No se iba porque quisiera escapar, se marchaba porque necesitaba continuar.

«Salí como llorando de felicidad. Quería continuar el viaje, pero había vivido una experiencia muy buena».

La canción conserva esa contradicción: la alegría por avanzar y la tristeza inevitable de abandonar un lugar en el que una parte de uno mismo ha comenzado a transformarse.

Por eso el título terminó representando mejor que cualquier otro el espíritu del álbum. No se refiere únicamente a un recuerdo agradable, sino a todas aquellas experiencias que nos acompañan incluso después de haber dejado atrás el lugar donde ocurrieron.
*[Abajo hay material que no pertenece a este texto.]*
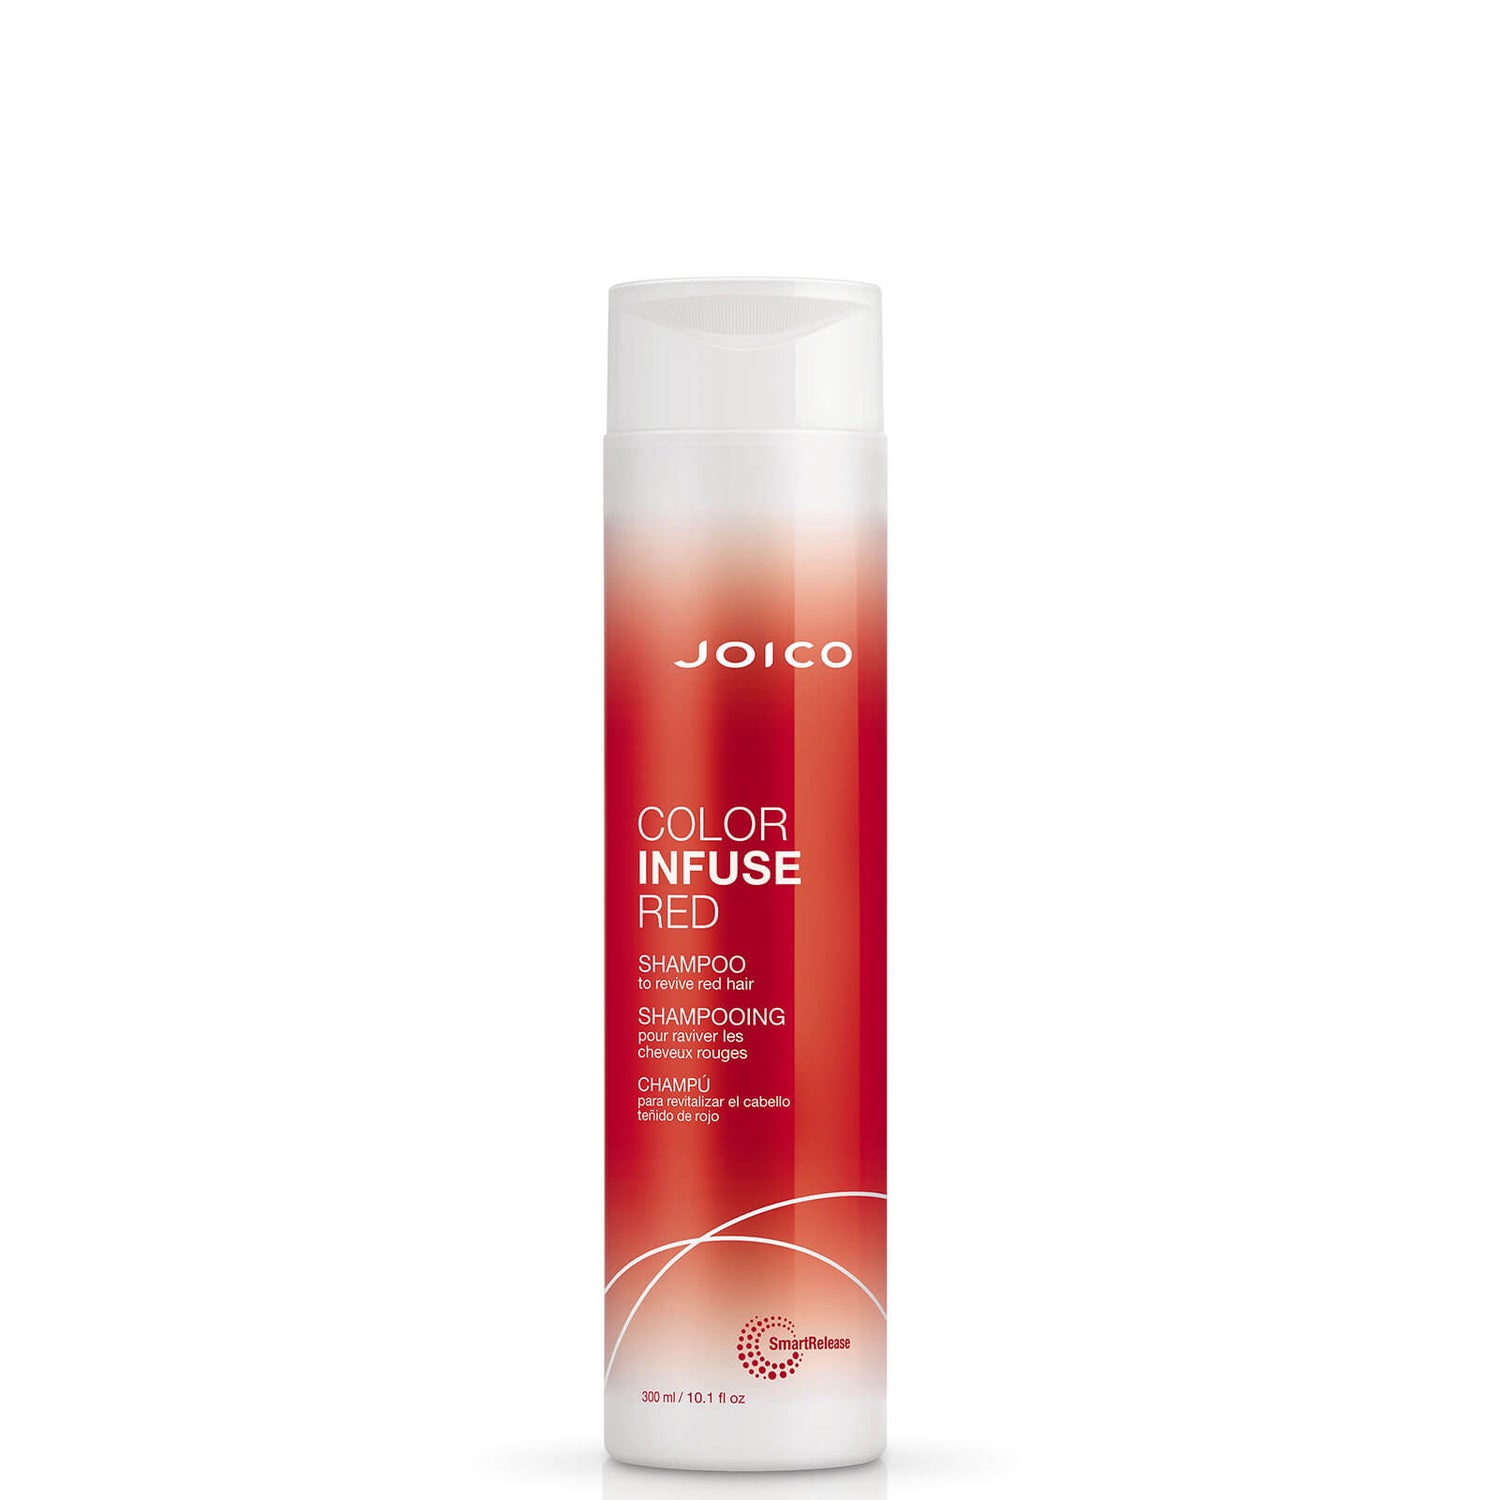 Joico Color Infuse红色头发洗发水 300ml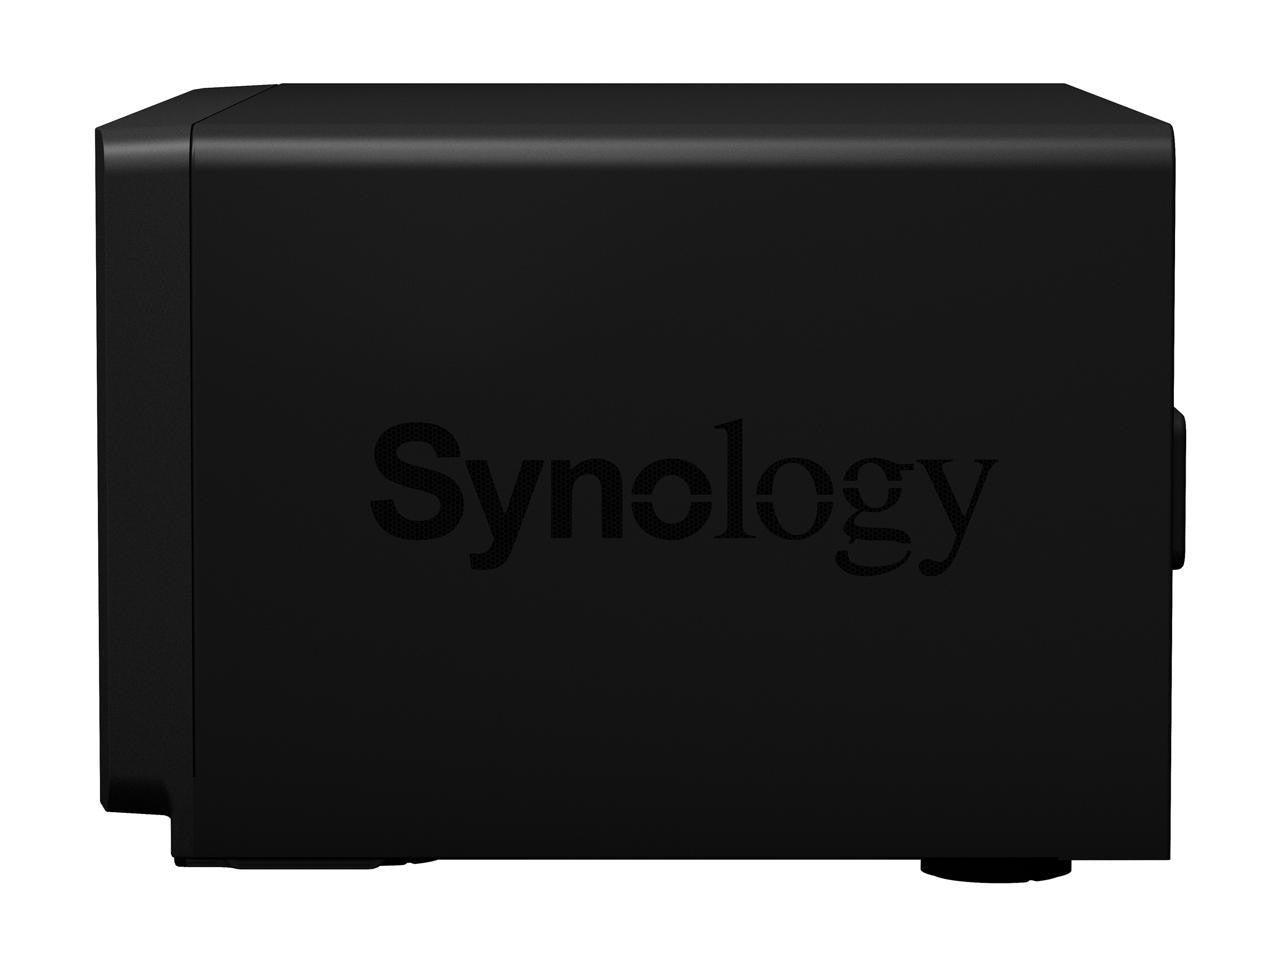 Synology DS1821+ 8-BAY DiskStation with 8GB Synology RAM and 16TB (8x2TB) Seagate Ironwolf NAS Drives Fully Assembled and Tested

Durante aquellos años nacieron numerosas composiciones. Algunas han quedado fuera del disco y podrían formar, según el propio músico, otro trabajo completo. Las elegidas no fueron necesariamente las más antiguas ni las más evidentes, sino aquellas que, al reunirse, establecían una relación musical y emocional entre ellas.

“Boas Lembranças” no es una crónica exhaustiva del viaje, es la parte de aquella experiencia que todavía necesitaba convertirse en sonido.

LA PRIMERA HISTORIA CONTADA EN NOMBRE PROPIO

Antes de este álbum, Marcel Vallès había desarrollado una extensa carrera junto a otros músicos. Había acompañado, producido y participado en proyectos muy diferentes, aprendiendo a reconocer la identidad de cada artista y a encontrar el espacio desde el que podía contribuir sin desdibujarla.

En “Boas Lembranças”, por primera vez, la historia es la suya.

El guitarrista no considera el disco autobiográfico en un sentido literal. No existe una correspondencia exacta entre cada composición y un episodio concreto de su vida. Sin embargo, todos los temas están vinculados a alguna vivencia, un viaje, una persona o un momento que dejó huella.

El álbum funciona así como una carta de presentación , no porque resuma toda su trayectoria, sino porque muestra desde qué lugar humano y musical ha decidido hablar cuando ya no acompaña el relato de otra persona.

La guitarra ocupa el centro de las composiciones. En algunos temas aparece sola; en otros se multiplica o conversa con la percusión. Esa desnudez deja al intérprete expuesto.

«Cuando la guitarra es la protagonista, no hay mucho donde esconderse. Cada nota, cada silencio y cada decisión hablan un poco de quién eres».

La intimidad del disco no procede únicamente de su volumen o de la ausencia de grandes arreglos. Nace de esa imposibilidad de ocultar las decisiones bajo una producción demasiado densa.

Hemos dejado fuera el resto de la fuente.